SBA core driven networks

SBA architecture with 5G core and cloud infrastructure are key enablers to the network, helping launch advanced services like URLLC, network slicing, and more. Network slicing is set to revolutionize how networks are used and monetized. And while sharing network resources means more efficient use of the infrastructure, it demands advanced charging systems to cater to the diverse use cases it supports. One slice may demand low-latency QoS, while another demands ultrafast speed, and a third demands high bandwidth. Monetizing these network slices demands dynamic near-real-time charging and policy control.
In addition to QoS, 5G monetization platforms enable charging for network use, based on the number of connections, data frequency, real-time versus non-real-time operations, location precision, and more.

Solutions that maximize 5G monetization capabilities

In consumer as well as enterprise applications, 5G supports endless possibilities of business models and charging use cases. They will be required to support online as well as offline charging, scaling to handle the demands of IoT billing so they can charge small amounts at a massive scale. They will also need to support a range of revenue-sharing arrangements with n-level hierarchies. CSPs will need to ensure they are constantly innovating to support charging with evolving services like on-demand network slices.

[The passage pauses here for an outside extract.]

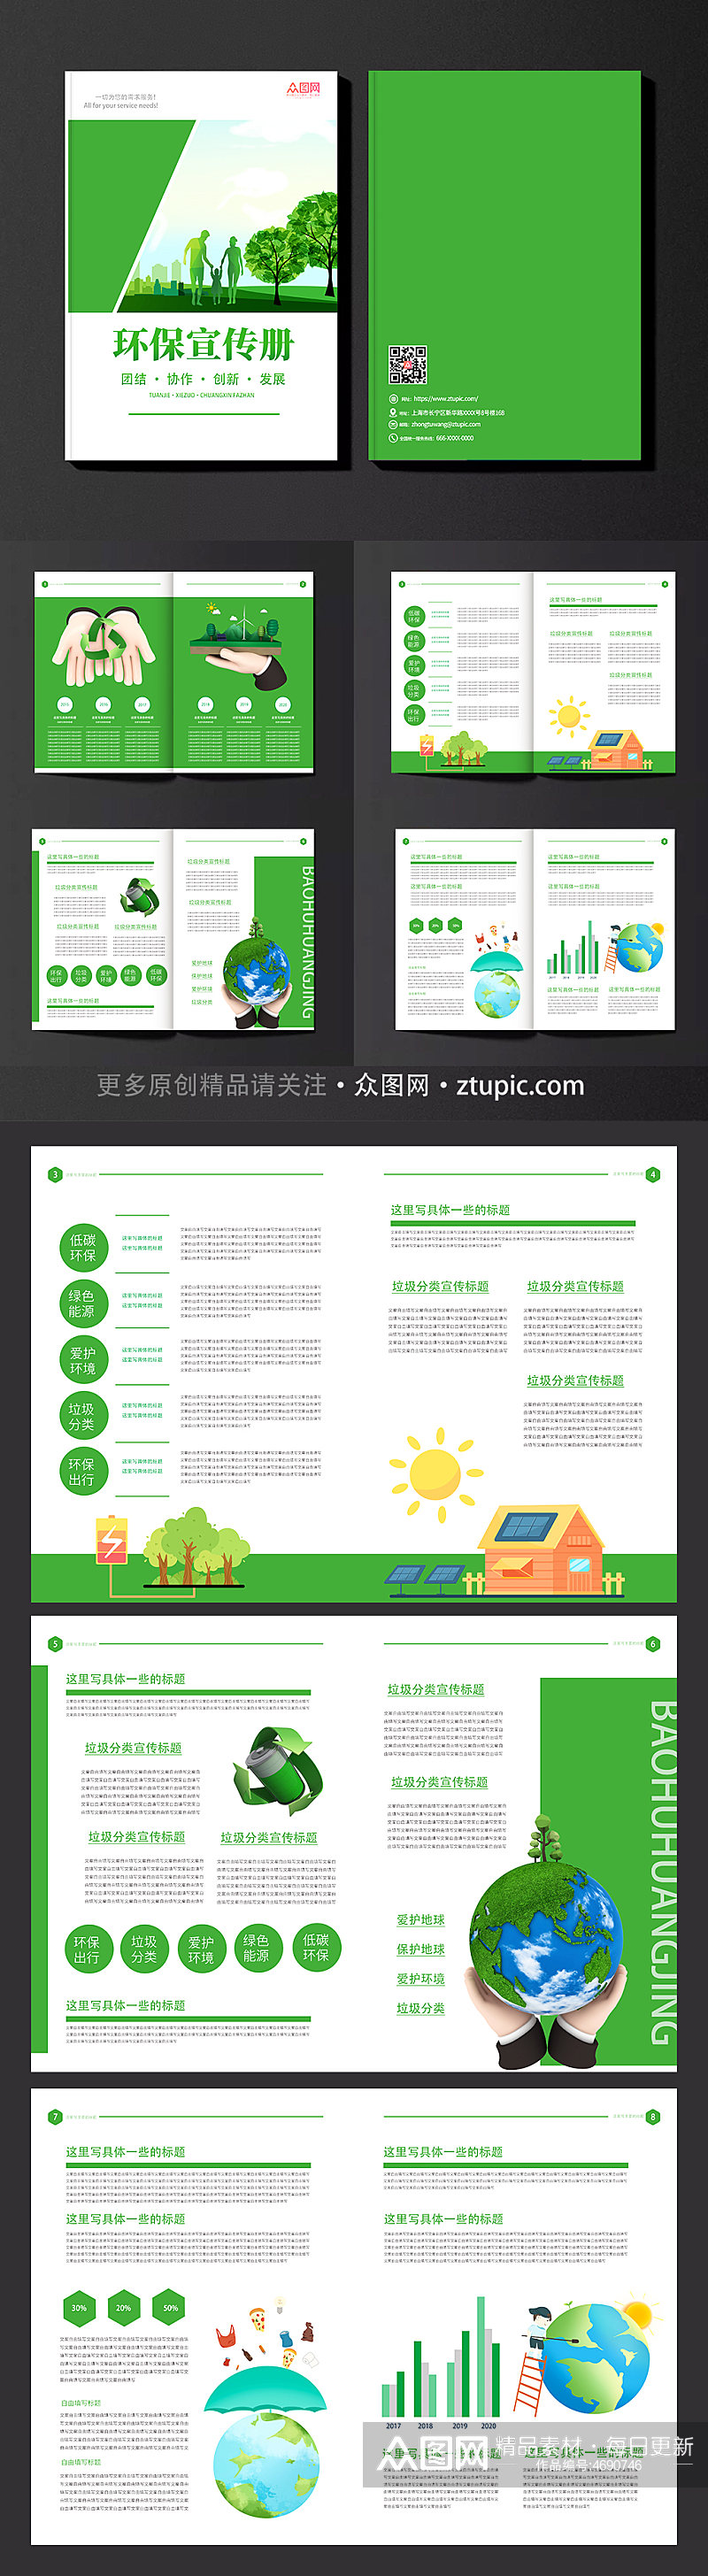 绿色创意环保画册宣传设计模板素材

As CSPs make the transition to 5G, successful monetization relies largely on the flexibility of an operator’s billing, charging, and policy infrastructure systems to support multiple pricing models. They also need to implement a next-gen partner management solution to handle diverse partnerships. Implementing a future-proof digital BSS/OSS infrastructure helps begin their journey of digital transformation, enabling them to get the most out of their 5G monetization infrastructure.